Why aren’t there more Evangelicals in Patristics (2): Evangelicals have a deeply problematic tendency to read early church history through a reformation lens.

(See first post in this series here)

Evangelicals, like all Protestants, tend to define themselves in terms of Reformation distinctives, which has its pros and cons. I think the Reformation (re)discovered important theological and biblical truths and rightly called for a reform of the Catholic Church as it then stood in Western Europe. However, it also had the consequence that Protestantism continually defines and locates itself as a movement over/against Roman Catholicism. If Catholicism ended, what would Protestantism be?

It also had and continues to have a debilitating effect on Protestant scholarship more broadly, and Evangelicalism in particular. That is, it has made the Reformation period both normative and norming for historical theology. This is seen, for one, in the fact that those who teach, write on, and interpret Patristics within Evangelical institutes and for Evangelical audiences are often (a) those whose specialty is Reformation history, and (b) Systematic theologians.

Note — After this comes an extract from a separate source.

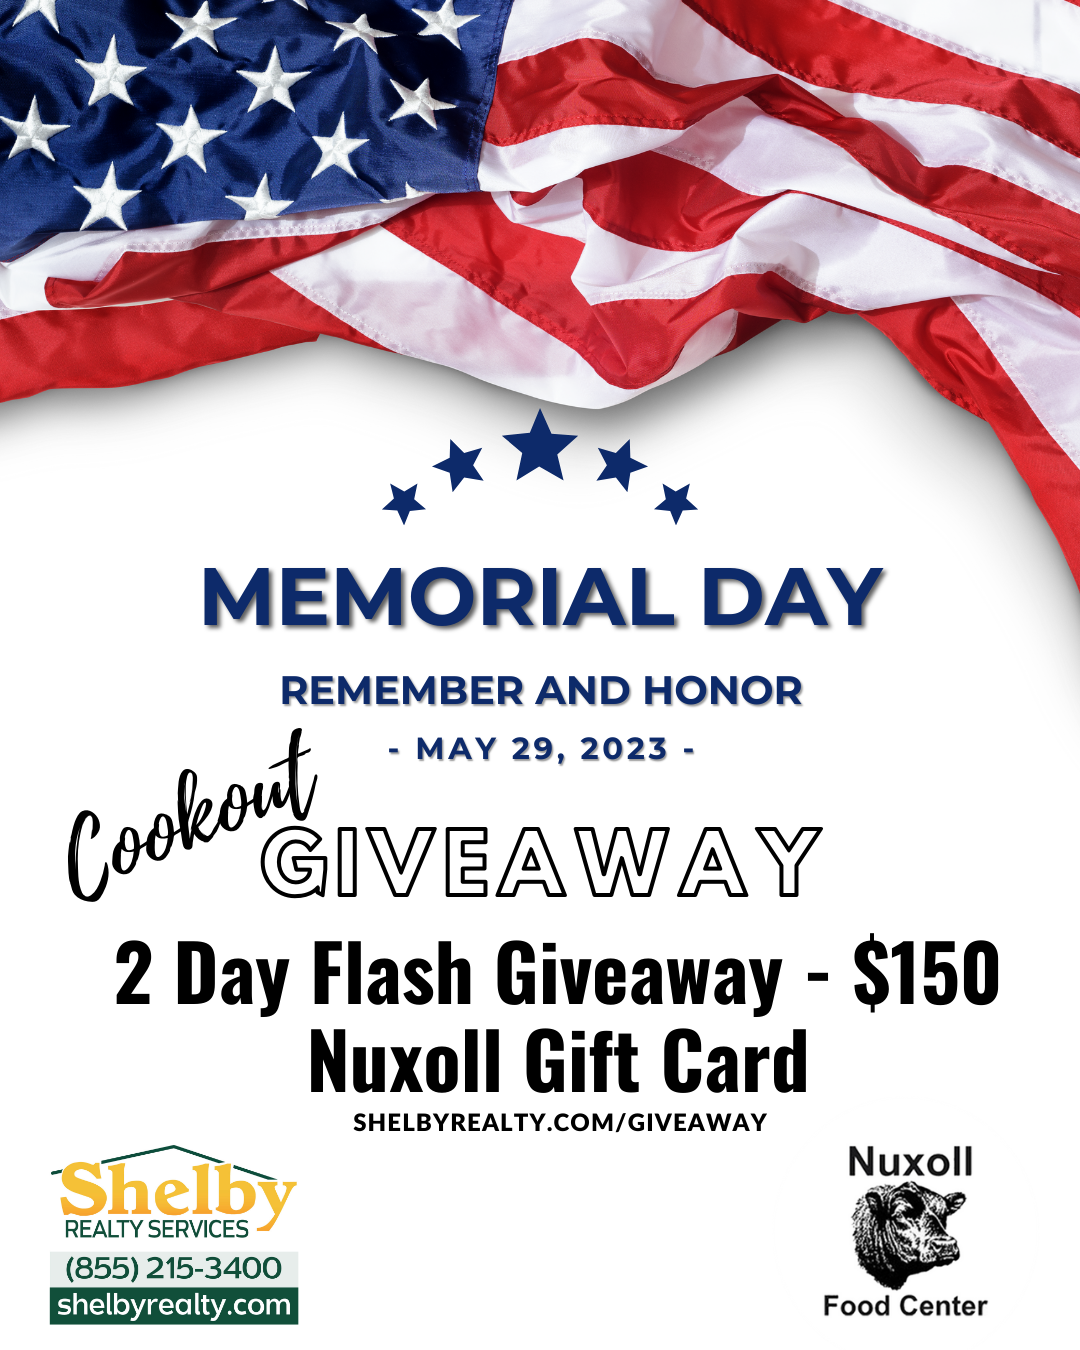 Shelby Realty Services Nuxoll Memorial Day $150 Gift Card Giveaway

Not, of course, that those trained in other disciplines can never or should never dare to comment or produce scholarship, but taken as a whole, it skews Patristic studies by evangelicals in a certain direction. One in which the ‘normal’ view of things is shaped by those trained in 16th century theology, history, and 20th century concerns. There is a real danger of anachronism here, that we would read Early Church Theology not on its own terms, not in the context of Late Antiquity, but subject to our own agendas, and our own colonialising narratives, as we try to make a history of early Christianity fit our doctrines of, for example, decline and reform, or Pristinism, and so on.

Asking questions like, “Where is justification by faith in the early church?” or “What evidence is there for penal substitutionary atonement in the Fathers?” are valid questions. But they are not the right questions to start with. They reflect our concerns, and in particular they reflect our concerns as shaped by 16th century ones. They are second-order questions, and if you ask them first, you distort early Christian theologies by (mis)leading the witnesses. Better by far, it is, to attempt to enter into the historical context of those believers, and attempt to understand what they wrote, and what they did, on their own terms, in the matrix of how they themselves articulated it.

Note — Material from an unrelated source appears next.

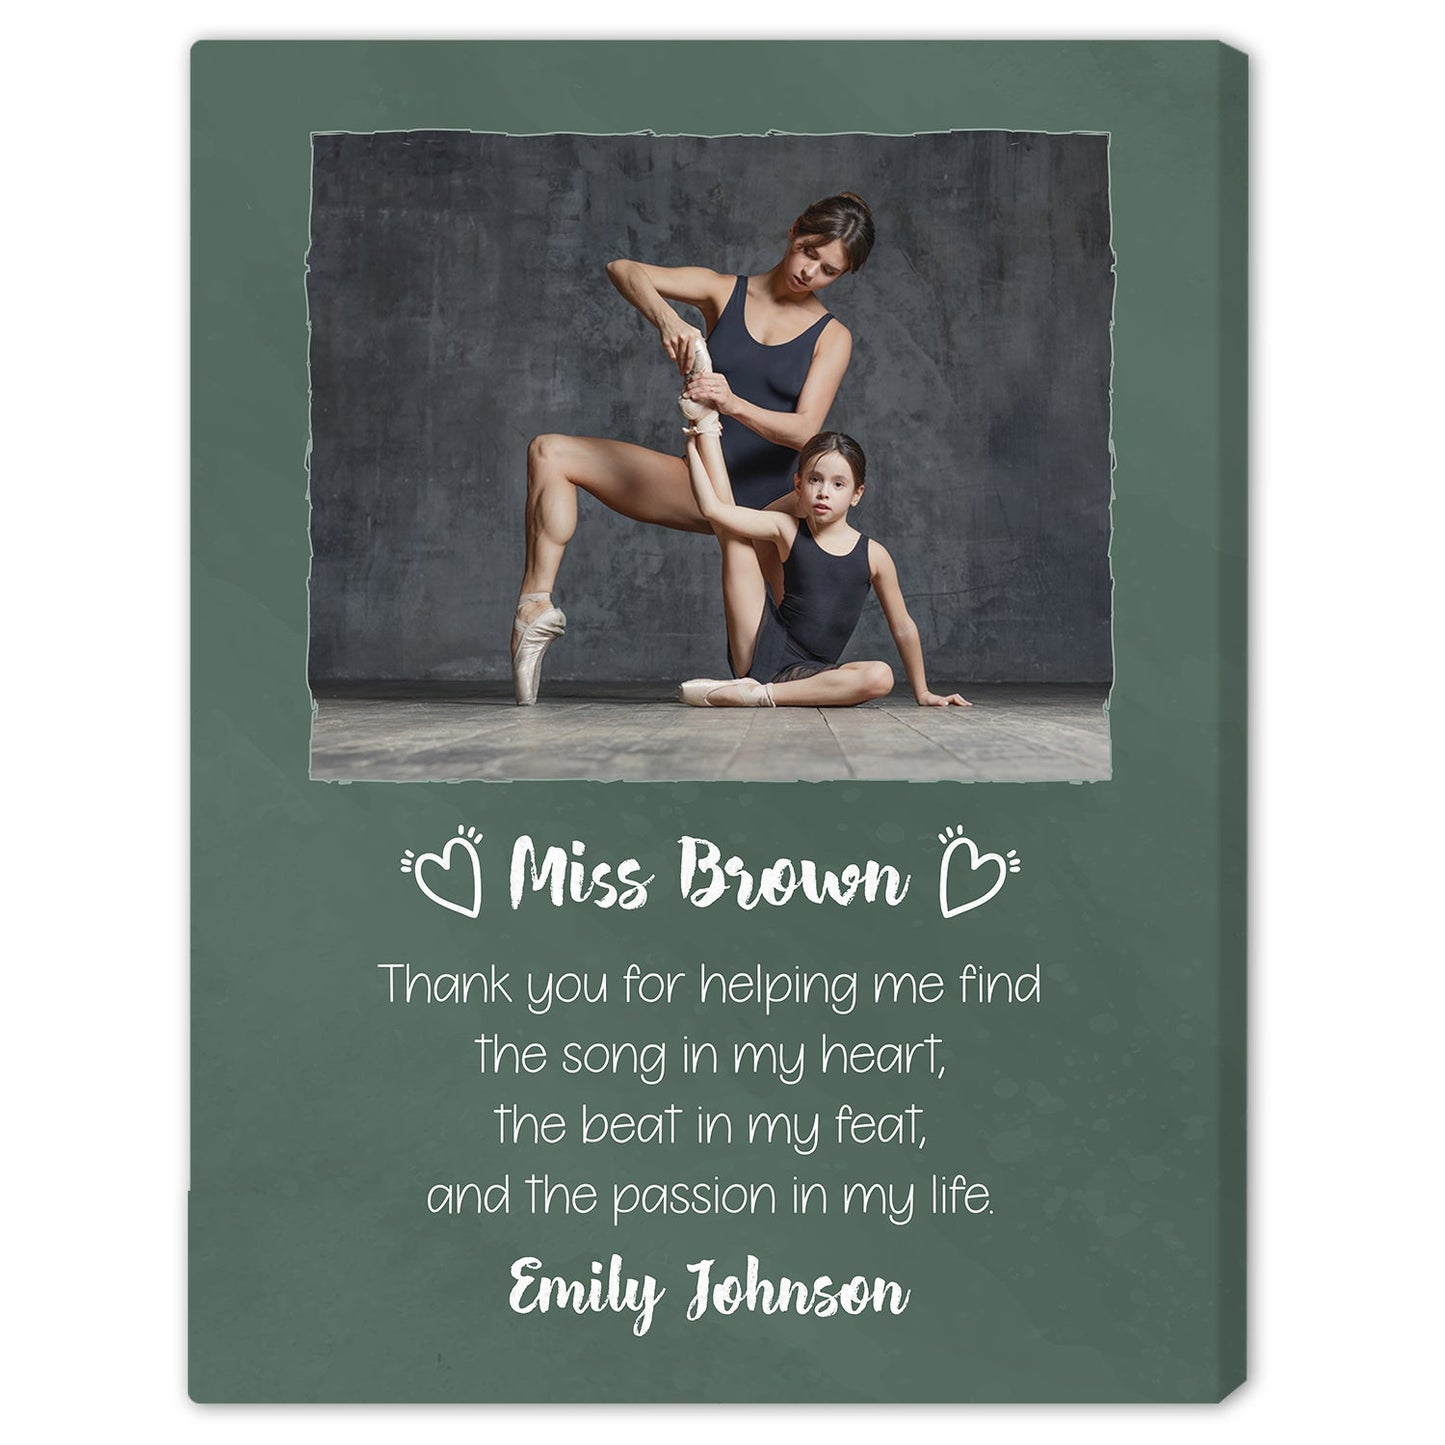 A Passion For Life - Personalized Teacher's Day, Birthday or Christmas gift For Dance Teacher - Custom Canvas Print - MyMindfulGifts

How does this contribute to a lack of Evangelicals in Patristics? In three ways, as I see it. Firstly, if Reformation and Systematics researchers can do the job, why bother training Patristics scholars? (I’ll have more to say on this in my next post). Secondly, if you continually explain and mine the field of Patristics in service to other agendas, there’s no value in Patristics per se. It’s a means to other ends, and those ends dictate where students will place their studies, and how the evangelical context ‘values’ Patristics. Thirdly, simply doing Patristics well will involve a partial rejection of this paradigm of evangelicalism, which is going to lead into my fourth post.